Когда сильно идеологизированный врач В. Софронов в 1963 году в “Неве” выскочил с сенсационной статьей о Дантесе “Поединок или убийство?”, Вл. Глинка вместе с Л. Раковым и Я. Давидовичем дал не в меру ретивому автору достойную отповедь. Нет, он защищал не Дантеса, авантюриста, бездельника на службе и пустого светского хлыща. В данном случае, как и всегда, он защищал честь и достоинство правды, в какие бы сложные и запутанные обстоятельства ей ни приходилось попадать. Софронов самонадеянно утверждал, что Дантес вышел к барьеру, будучи облачен в кольчугу, потому что “собственная жизнь для таких людей была дороже их дворянской чести”. В письме ученых, направленном в Пушкинскую комиссию АН СССР и в редакцию “Невы”, говорится, что, безусловно, безнравственный человек способен на многие грязные дела. Но чего Дантес не мог сделать — надеть кольчугу, отправляясь на дуэль: даже в случае легкого ранения в шею или в плечо это привело бы к такому позорному разоблачению, которое люди “высшего круга”, способные не заметить и забыть любую подлость из отмеченных выше, никогда бы не простили. Это был бы скандал, после которого ни в России, ни в каком-либо другом месте Европы Дантеса не пустили бы ни в один дом,.. ни один из бывших его знакомых не узнал бы его на улице, не подал бы ему руки.

Скрупулезность, точность и беспристрастность в следовании правде — таковы приметы подлинно нравственного отношения к истории.

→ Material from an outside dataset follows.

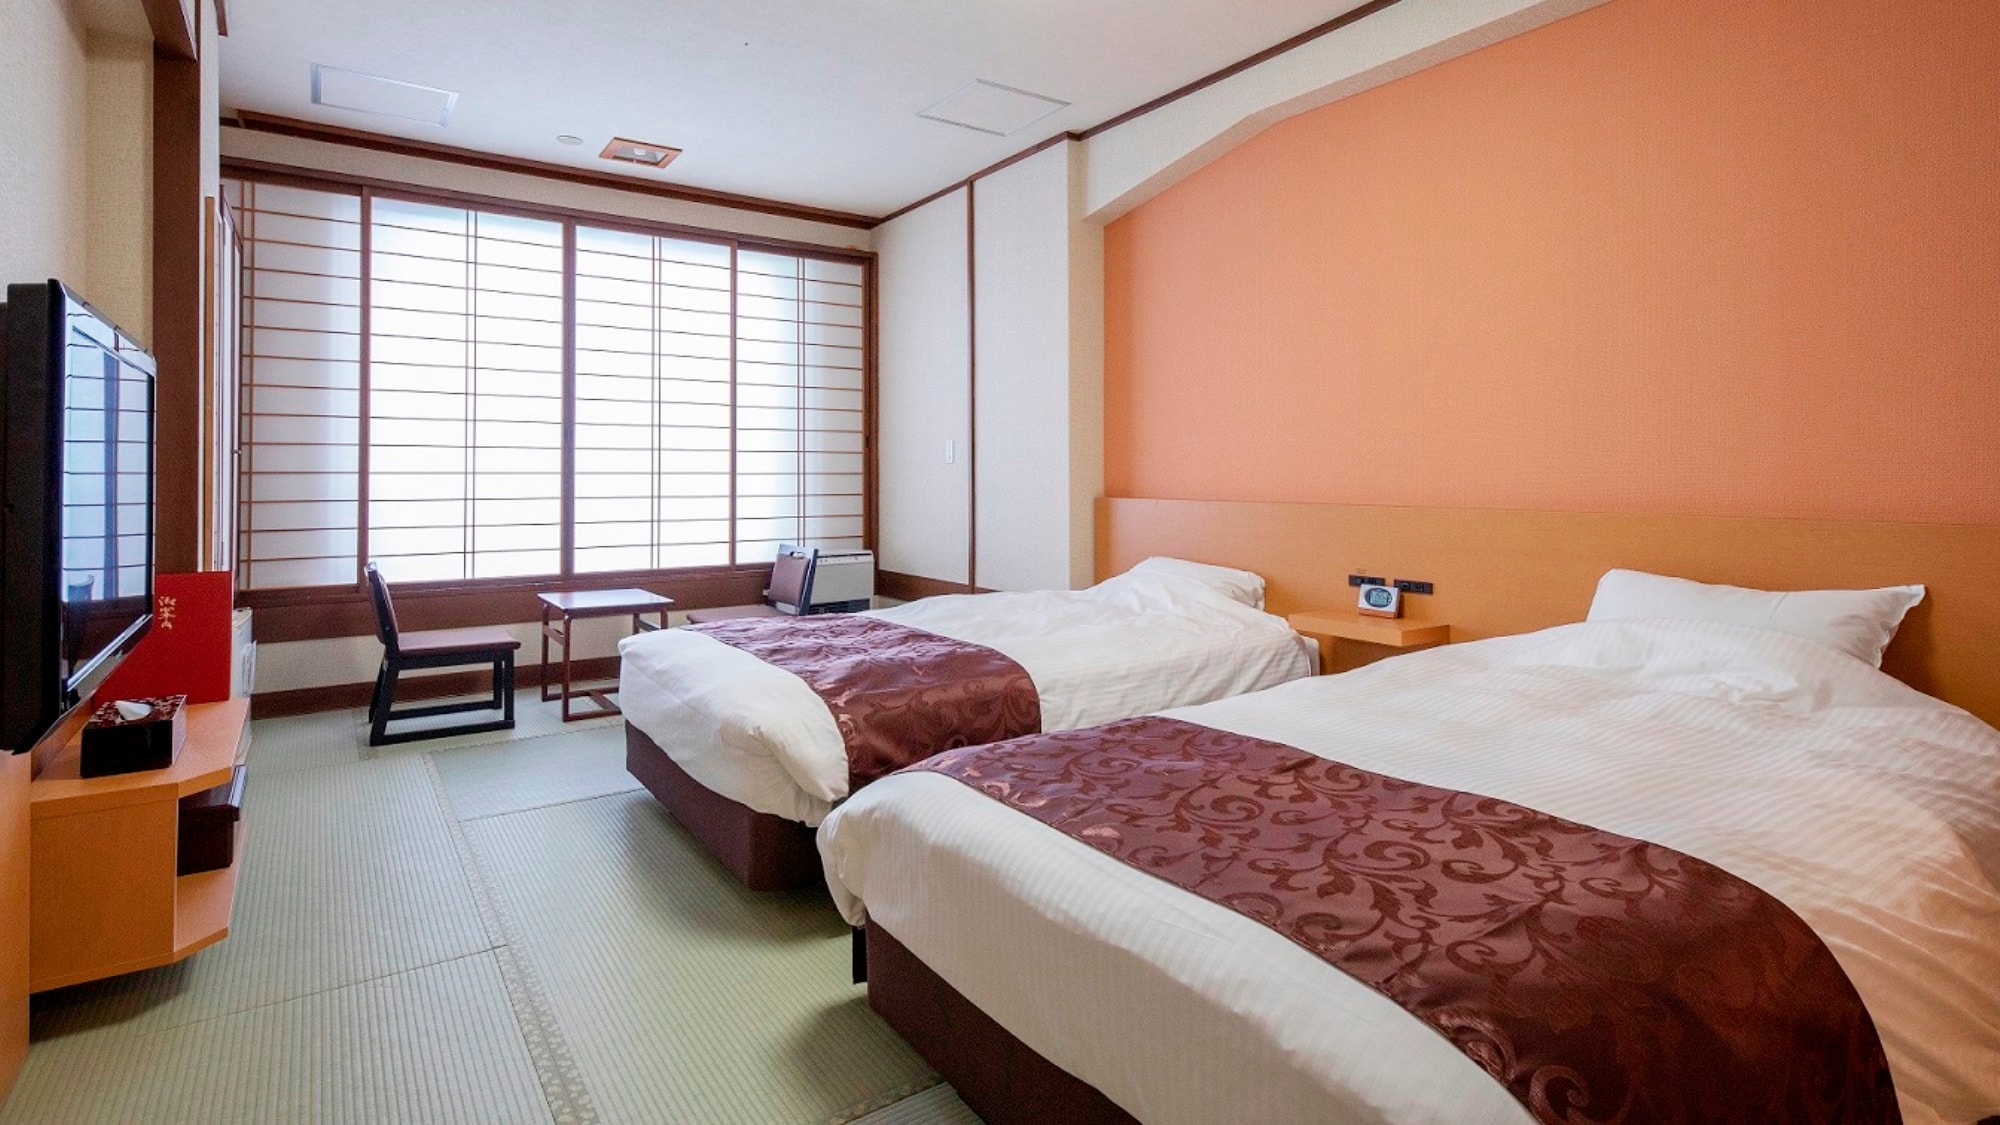 ต่ออายุกรกฎาคม 2019 ♪ [อาคารตะวันตก (ปลอดบุหรี่)] ห้องทวินสไตล์ญี่ปุ่น (พร้อมโถสุขภัณฑ์และห้องอาบน้ำ)

Позволю себе еще один пример.

Иосиф Орбели, в военные годы бывший директором Эрмитажа, выступая в качестве свидетеля на Нюрнбергском процессе, не устоял перед соблазном порисоваться, демонстрируя миру благородное негодование. Комментируя это выступление, Владислав Михайлович называет академика “официальным мастером картинного гнева”. Никто, разумеется, не снимает с фашистов их чудовищной вины, но и никакая вина не может оправдать заведомую ложь. Все показания И. А. Орбели на Нюрнбергском процессе — сплошной вымысел, — пишет Вл. Глинка в воспоминаниях. — Немецкие артиллеристы никогда не били по зданиям Эрмитажа из дальнобойных пушек, стрелявших из Красного Села и обстреливавших любой район по выбору, а их летчики не старались специально разбомбить или зажечь Эрмитаж с воздуха. И академик отлично знал это...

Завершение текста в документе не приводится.